This sounded as if it could lead to Lawn getting more complaints from his Dartmouth classmates. But before I could say anything to that effect, Jack Wrangler’s member indicated that at last it was actually six thirty, and, on schedule, the phone rang once again.
“Oh, God, just don’t hurt her,” Hunny told the caller. “You can torture me if you want to, but my mom never hurt a flea, and she is just the sweetest old gal you’d ever want to run into — everybody says that about her — and I am begging you just to let her go as soon as I drop off the money.”
Sanders was listening on his cell phone and nodding at Nechemias. Art, Antoine and I stood straining to hear any sound that leaked out from the receiver next to Hunny’s sweating ear, but I could make out only an occasional hiss or low growl.
“Yes, yes,” Hunny said. “I understand. No, no, I have not notified the police. Why would I do that?” He reached up and showed us his crossed fingers. “Twenty thousand dollars is nothing to me, and I will certainly pay you anything at all to get my dear mother safely back in my arms.”

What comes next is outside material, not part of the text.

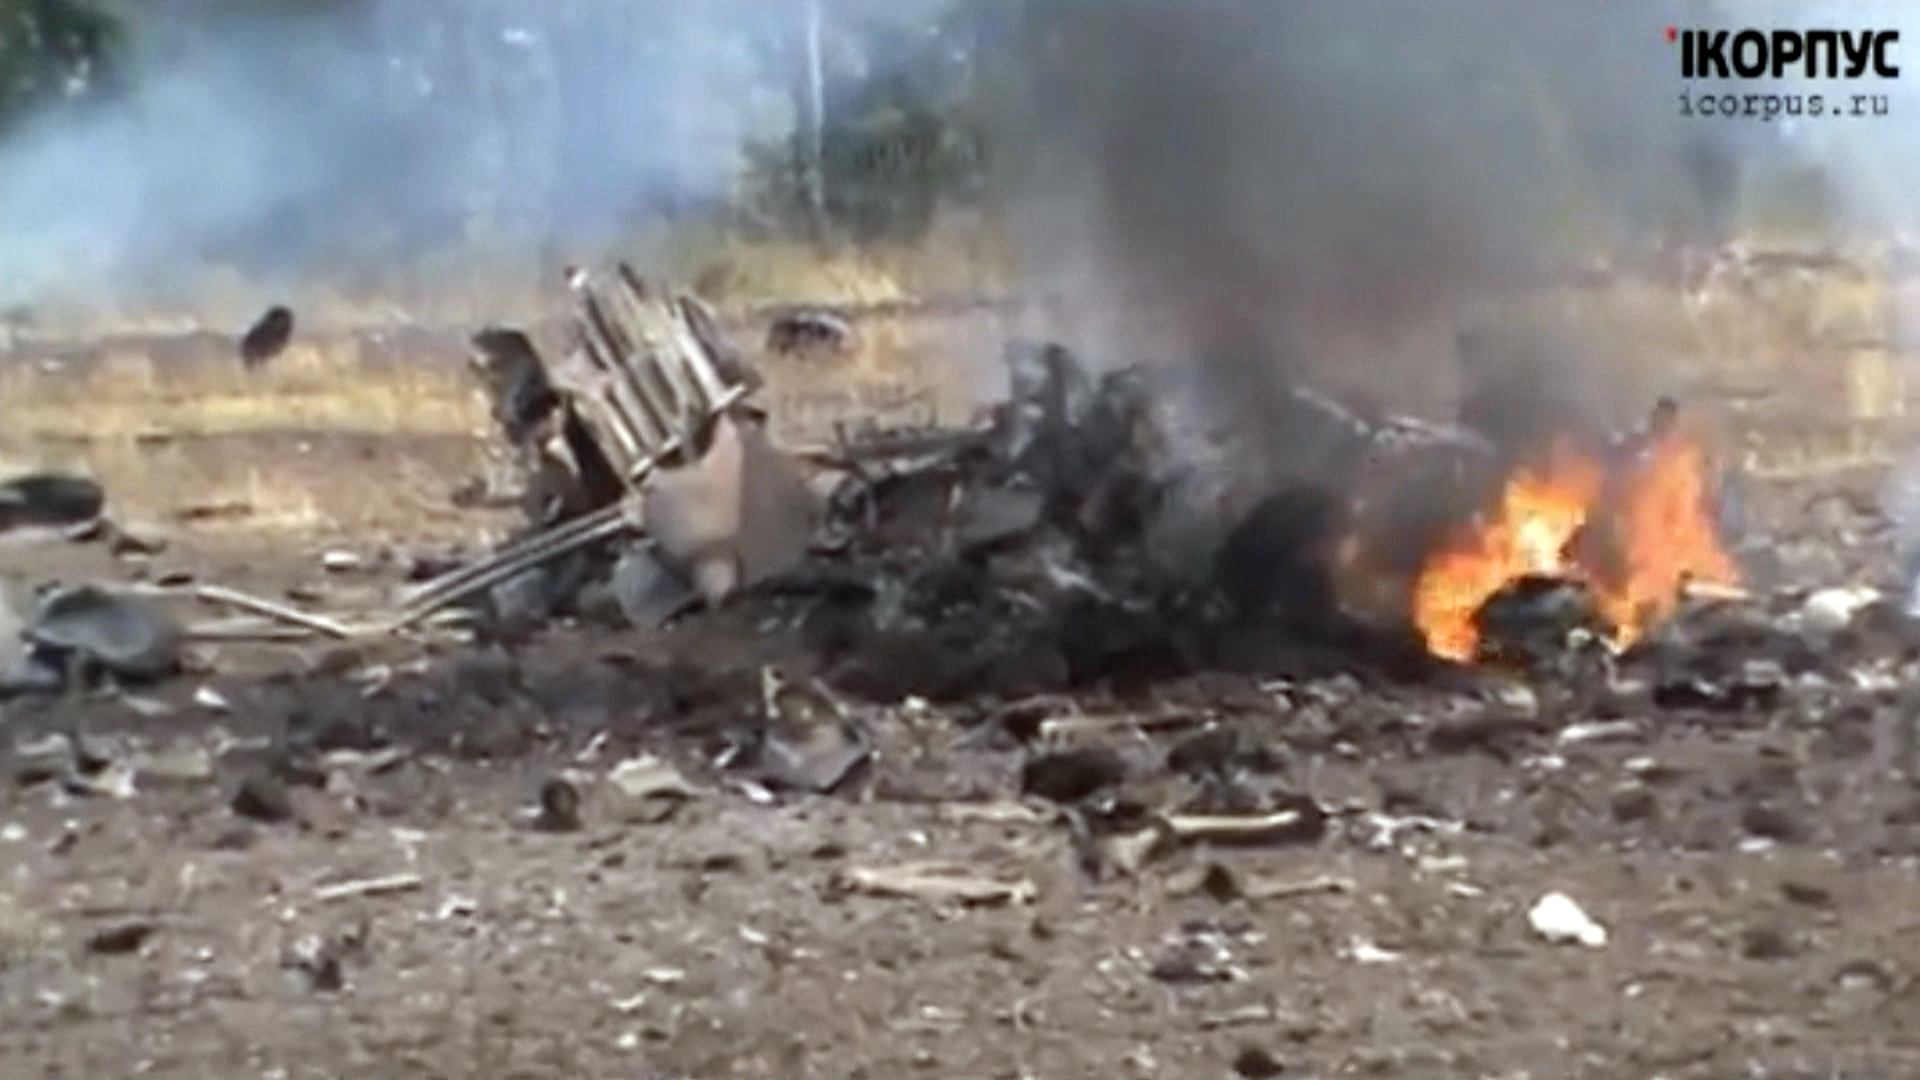 Two Ukrainian Fighter Jets Shot Down Near MH17 Crash Site - NBC News1920 x 1080
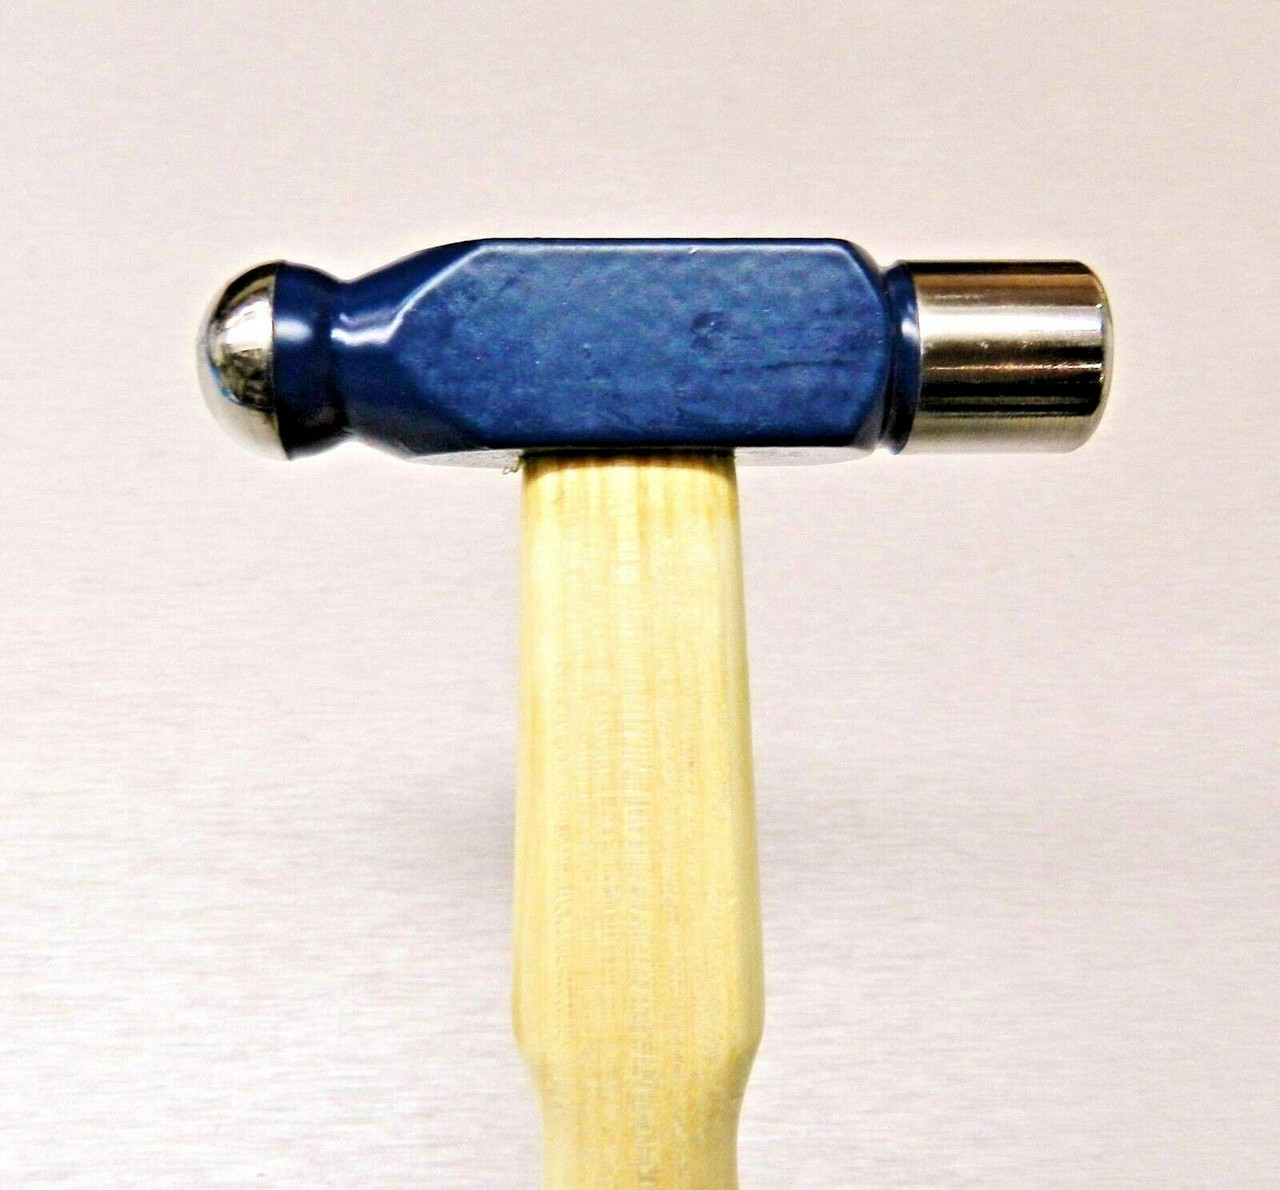 Mini Ball Peen Hammer 3oz Small Ball Pein Hammer Jewelry Making Crafts Hobby

Sanders’ eyebrows went up. Hunny seemed to be telling the kidnappers that they could have extracted a much larger sum from him, and perhaps they still might. But they did not up the ante, apparently, for Sanders began to nod again, and Hunny said,
“I understand. I should put the twenty thousand…did you say in a gym bag? Oh God. I don’t have a gym bag. I haven’t set foot in a gym since seventh grade. Uh-huh. Uh-huh. Oh. Okay, a small suitcase. I have a small suitcase that is black with a purple ribbon on the handle so I can always spot it when the driver takes it out from the luggage compartment under the bus.”
Sanders held his cell phone away from his face and whispered to Hunny, “Arrange for the swap.”
Hunny said into the phone, “Just so Mom is right there when I give you the money, and we can be reunited at last. That’s all I hope and pray for. To lay eyes on Mom. Then you can leave with the money.”
Hunny listened again, and now he frowned. “Oh. But how do I know that you will do what you say after I drop off the money at TGI Friday’s? Where will Mom be at that point in time?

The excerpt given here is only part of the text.